It might work, but - when the 555 output is high, current id flowing through *both* resistors. The diode and transistor effectively "short out" the red LED to keep it from illuminating, but they do not open the current path through its resistor; in fact, they increase its current above what it is when the red LED is on. This will shorten battery life significantly.

There is a better 1-transistor way, but it is buried in my old posts. I'll try to find it.

ak

 

That circuit is inefficient because current flows even when the LED is off. You could simplify it and eliminate the diode if all you want to do is switch a load on and off.

 

That circuit is inefficient because current flows even when the LED is off. You could simplify it and eliminate the diode if all you want to do is switch a load on and off.

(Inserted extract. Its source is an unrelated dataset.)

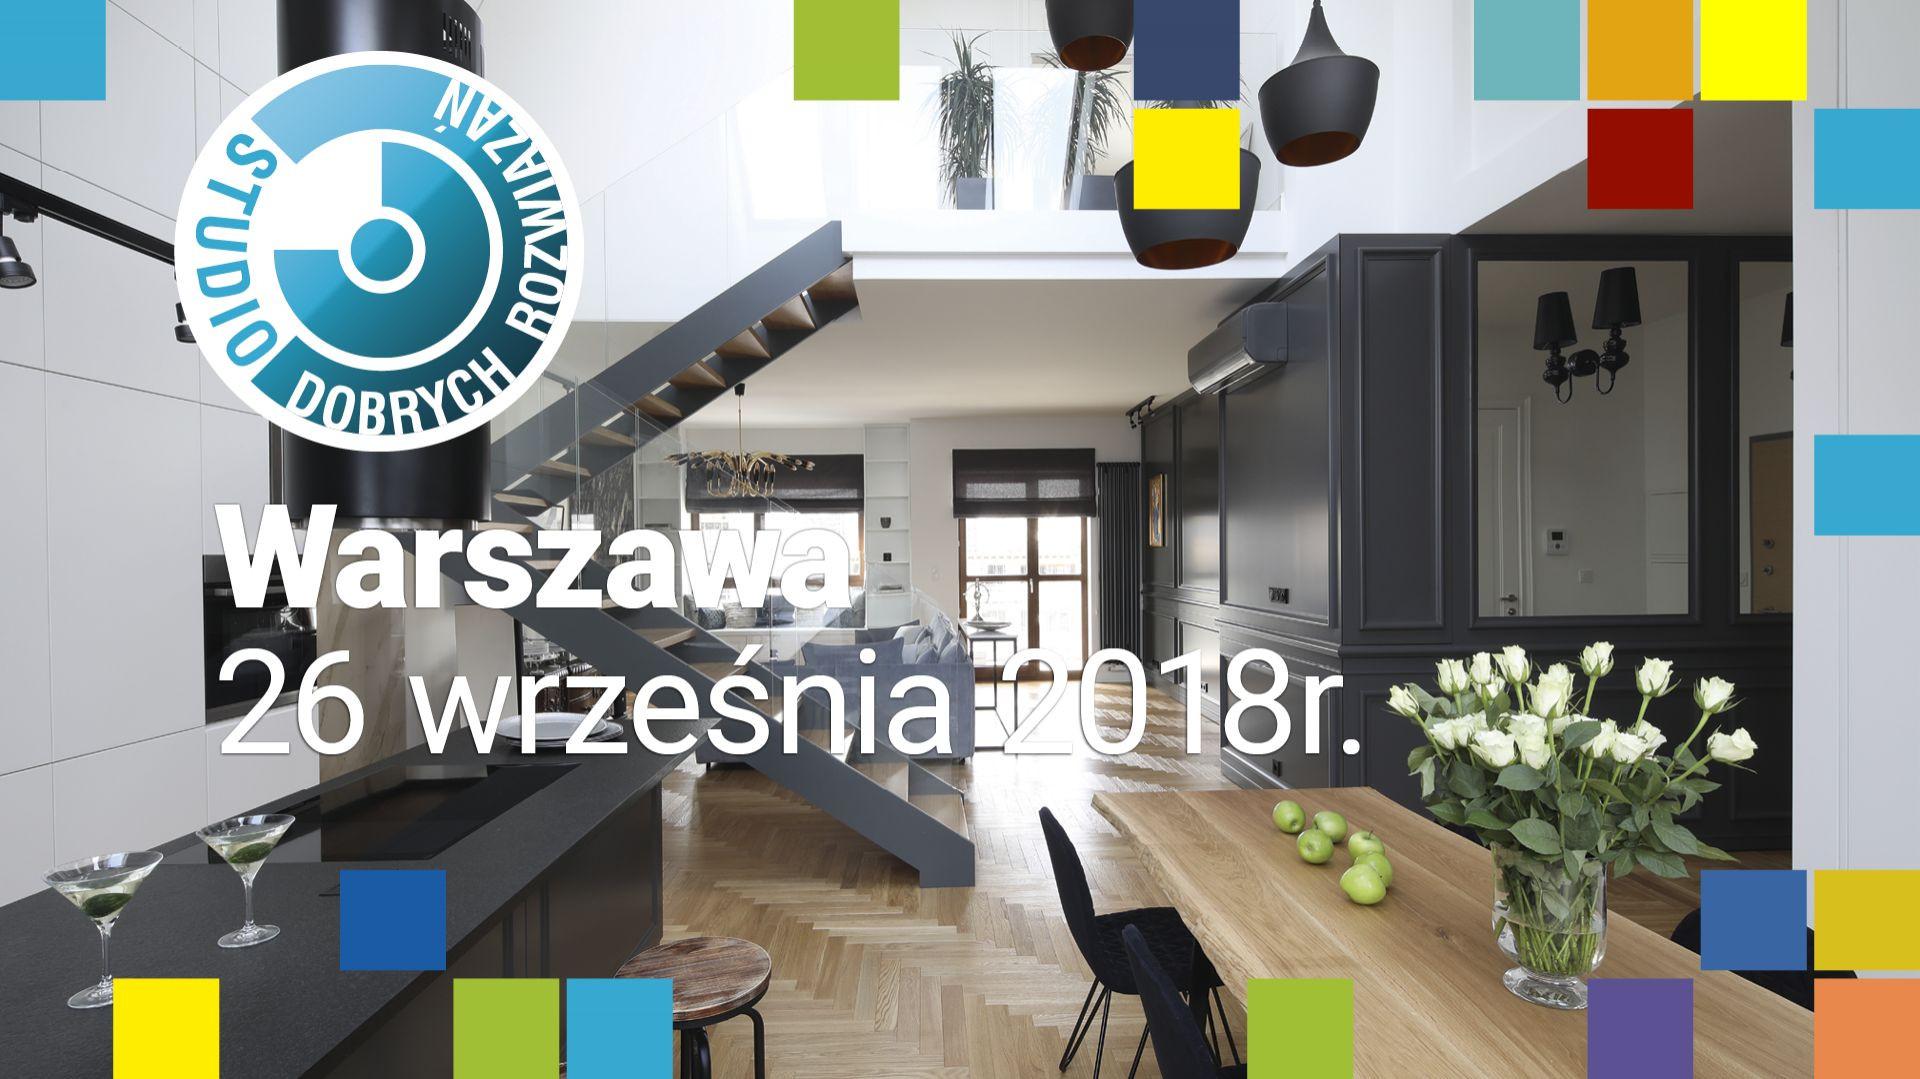 Studio Dobrych Rozwiązań odbędzie się w Warszawie 26 września 2018 r.

Post #1, the two LEDs toggle, and both currents exceed a 555 output capability.

ak

 

Post #1, the two LEDs toggle, and both currents exceed a 555 output capability.

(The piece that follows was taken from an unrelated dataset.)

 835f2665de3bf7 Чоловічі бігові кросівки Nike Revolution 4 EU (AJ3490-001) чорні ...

I thought we were now discussing #19 with just one load on a single transistor.

 

That circuit has two loads effectively. One is switched directly by the transistor, and one is shorted out by the transistor and the diode. See post #21.

ak

 

Here is a basic concept for switching two LEDs with one transistor. If the Vf of the two LEDs are approximately equal, then the extra Vf of the signal diode will prevent the green LED from coming on when the red LED is grounded through Q1. Any MOSFET appropriate for the current will work.

ak

 

Again, I think the TS is now switching one LED, not two.

 

Here is a basic concept for switching two LEDs with one transistor. If the Vf of the two LEDs are approximately equal, then the extra Vf of the signal diode will prevent the green LED from coming on when the red LED is grounded through Q1. Any MOSFET appropriate for the current will work.

ak
View attachment 118107

Cool circuit AnalogKid!